I remember the National Association of Schoolmasters Union of Women Teachers being vilified by The TES for its brave and courageous stand against the Government-inspired challenge of the London borough of Wandsworth in the courts. "The rocky road to nowhere" was how The TES described the NASUWT boycott. The NASUWT stood alone. There was no outside help. Quite the contrary. Every "outsider" predicted the NASUWT would lose, and indeed some gladly gave publicity to legal views to this effect.
Equally extraordinary is your claim that the campaign against spending cuts only succeeded because of outside help from parents and governors. All the teacher unions quite deliberately cultivated such support and that was an essential part of the campaign.

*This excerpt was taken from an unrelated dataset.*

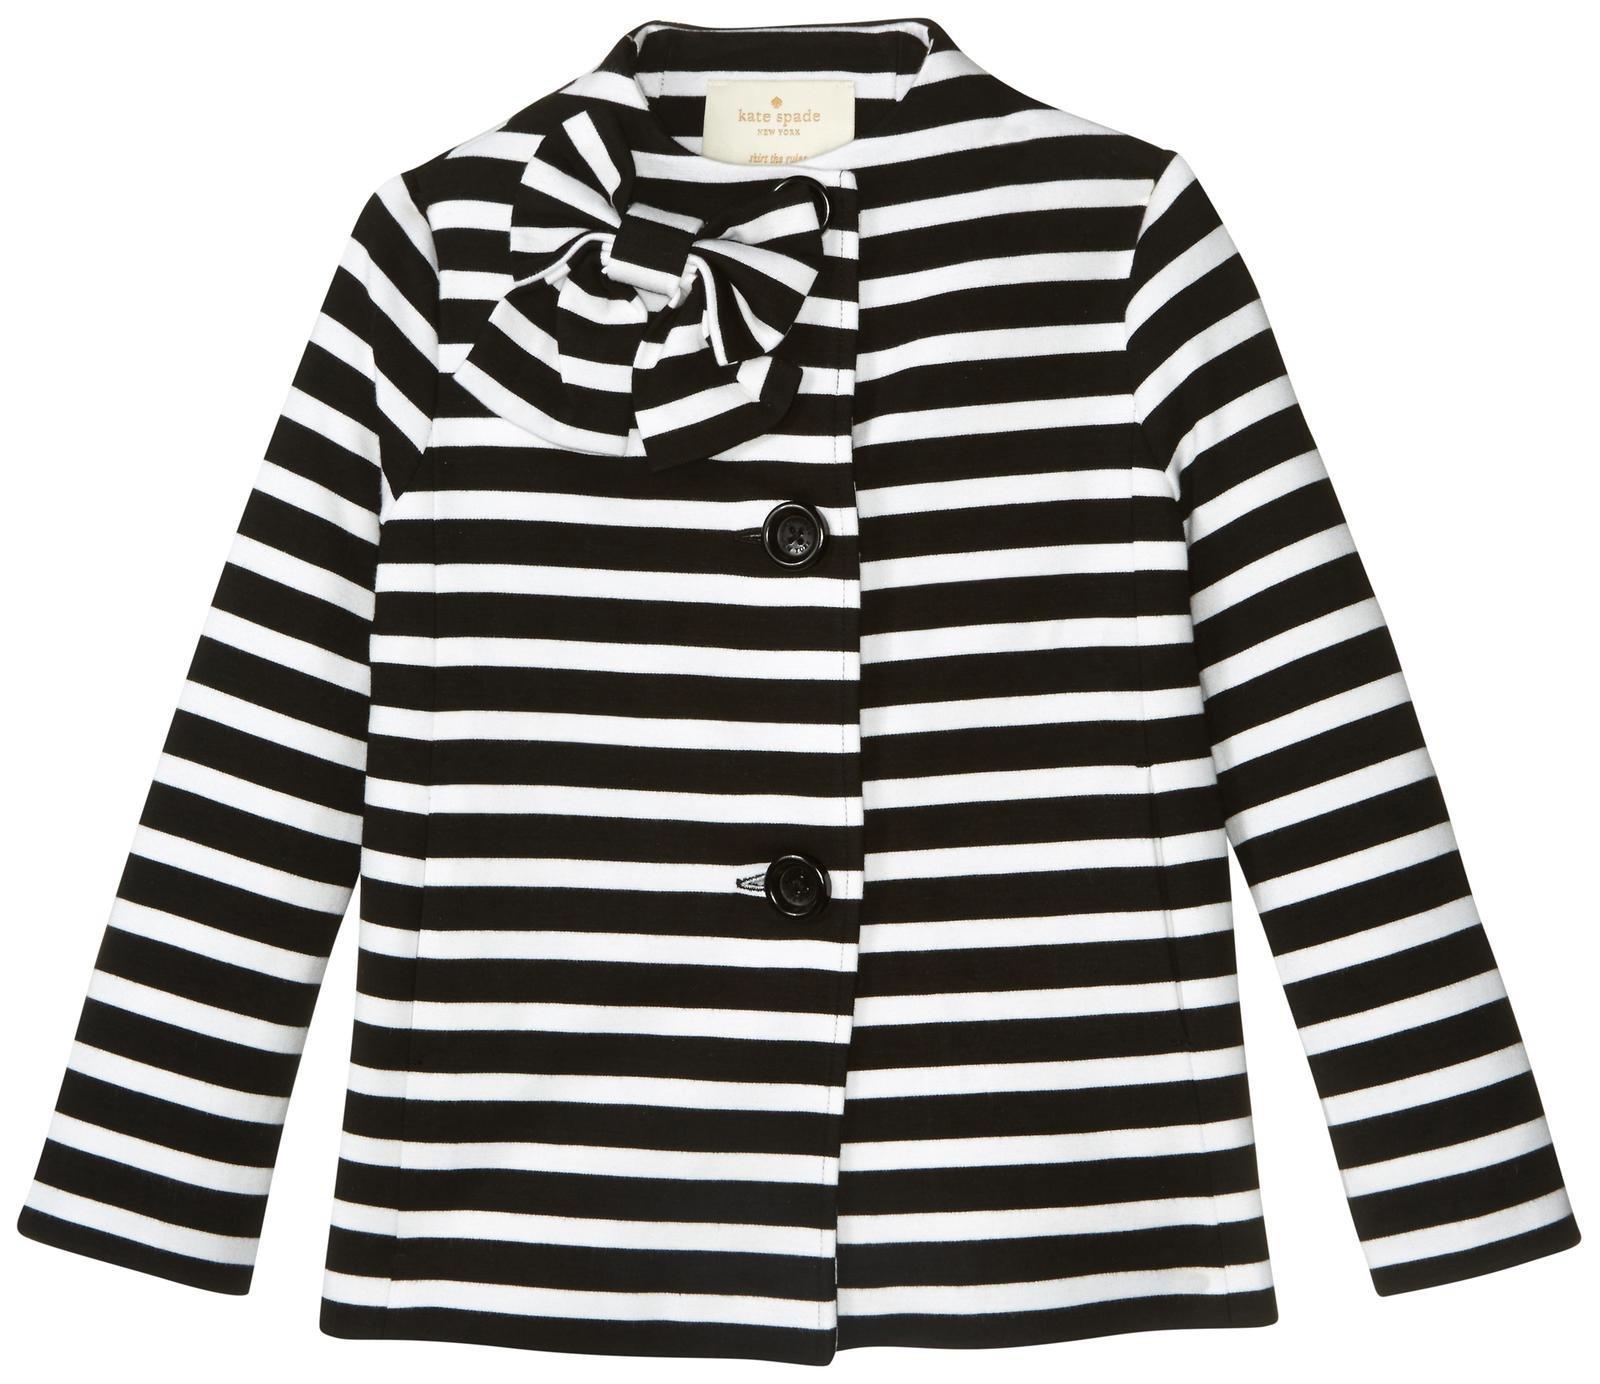 Kate Spade New York Girls' Dorothy Jacket, Black/Cream Stripe, 3T

The TES seems to criticise unions for not taking more action to implement conference resolutions. Yet it would be the first to condemn us, were we to do that.

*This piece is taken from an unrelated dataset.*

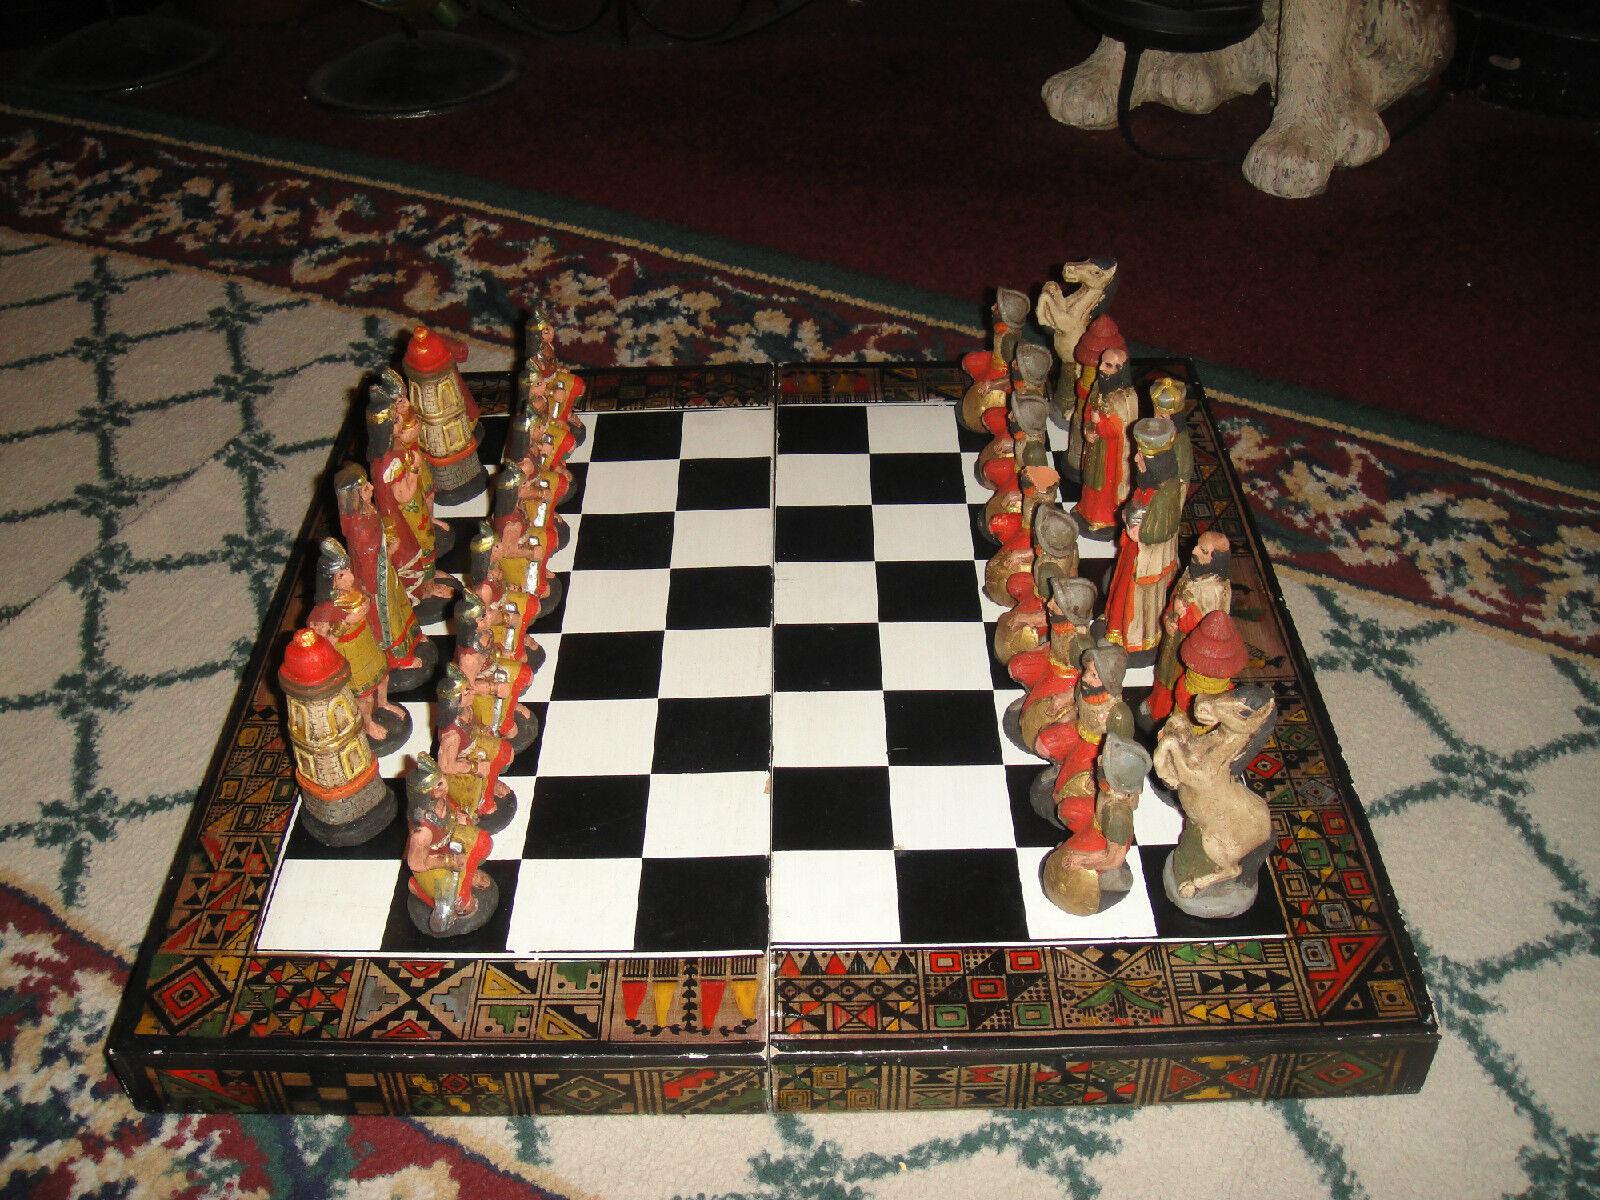 Vintage cruzadas Ajedrez set-christians & muslims-wood board-chalkware Pottery

The TES conveniently ignored huge areas of union activity where we do an enormous amount of good work on matters connected with the School Curriculum and Assessment Authority, the Office for Standards in Education, the Teacher Training Agency, indiscipline, legal aid, compensation for injuries, redundancies, grievances, and so forth.
We may not have held the line on class size and school premises, but with parents and governors we have exacted a political price from the Government for its obduracy.

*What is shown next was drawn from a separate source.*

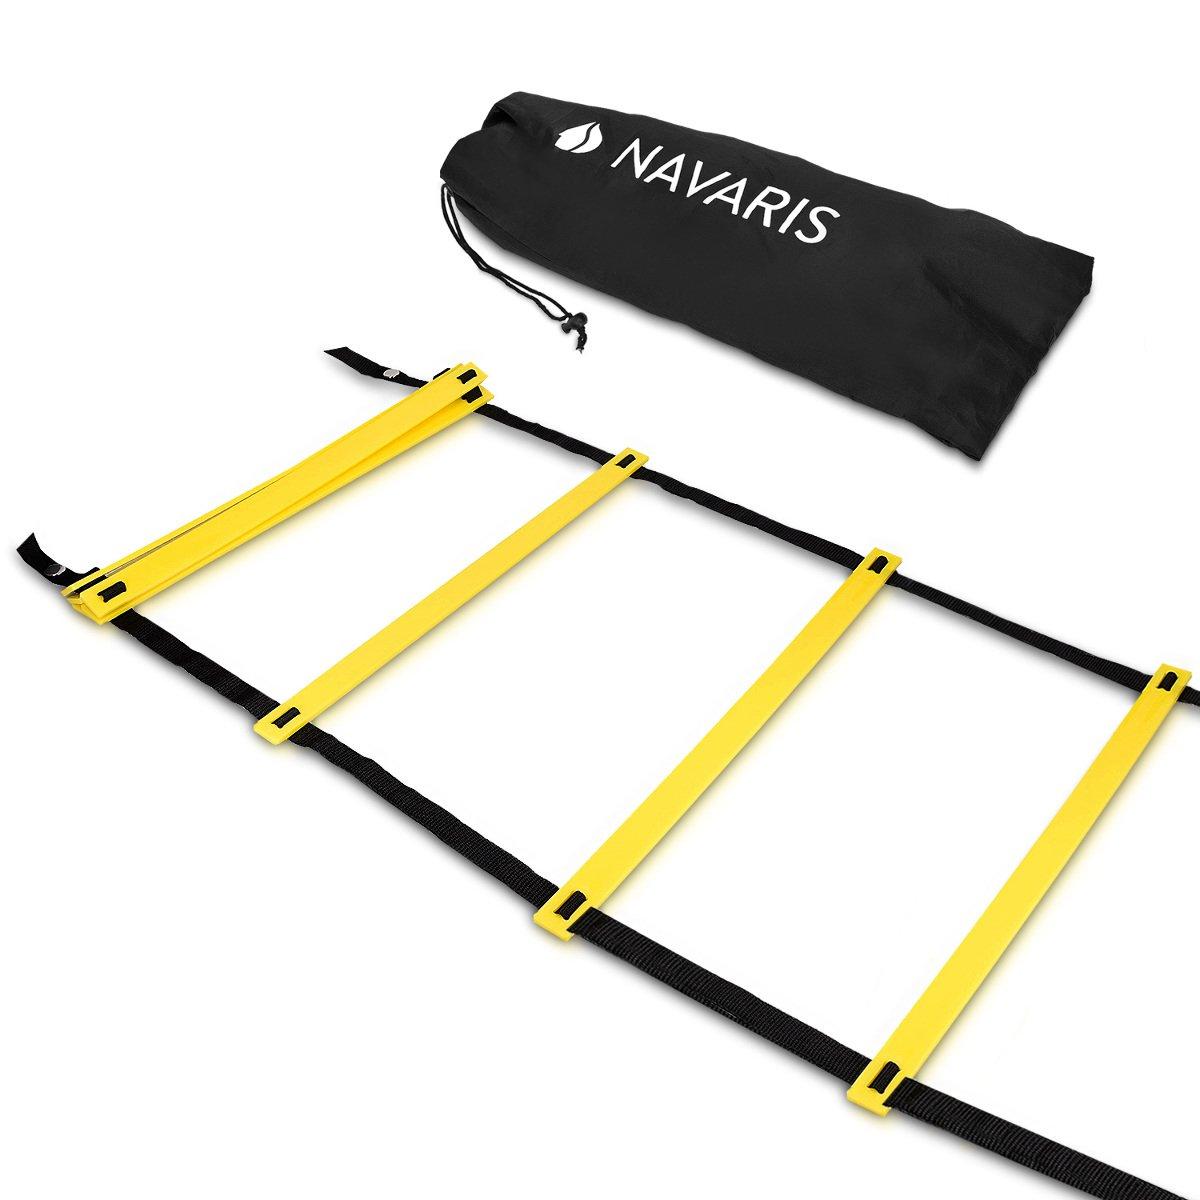 Navaris coordination ladder 6m workout agility ladder - basketball football soccer speed ladder - training ladder speed training 1 bag

Yes, despite vigorous lobbying, we were unable to persuade the Government to withdraw its amendments to labour law which cut unions out of the statutory consultation process over redundancies. However, the NASUWT, together with GMB and UNISON, has challenged the Government in the courts. A decision is still awaited and, indeed, long overdue. I was surprised that an article on the subject in the same issue as the leader made no mention of the judicial review.
The motion carried at the NASUWT conference asked the leadership to consult with members over the possibility of establishing a social partnership between Government, employers, unions, governors and parents, with a view to developing a co-operative approach to solving the nation's education and economic problems. Would The TES dismiss that as "pointless discussion"?
Is it all worth it? I will leave that judgment to others. However, I would certainly say that belonging to a teacher trade union is at least as worth while as reading The TES.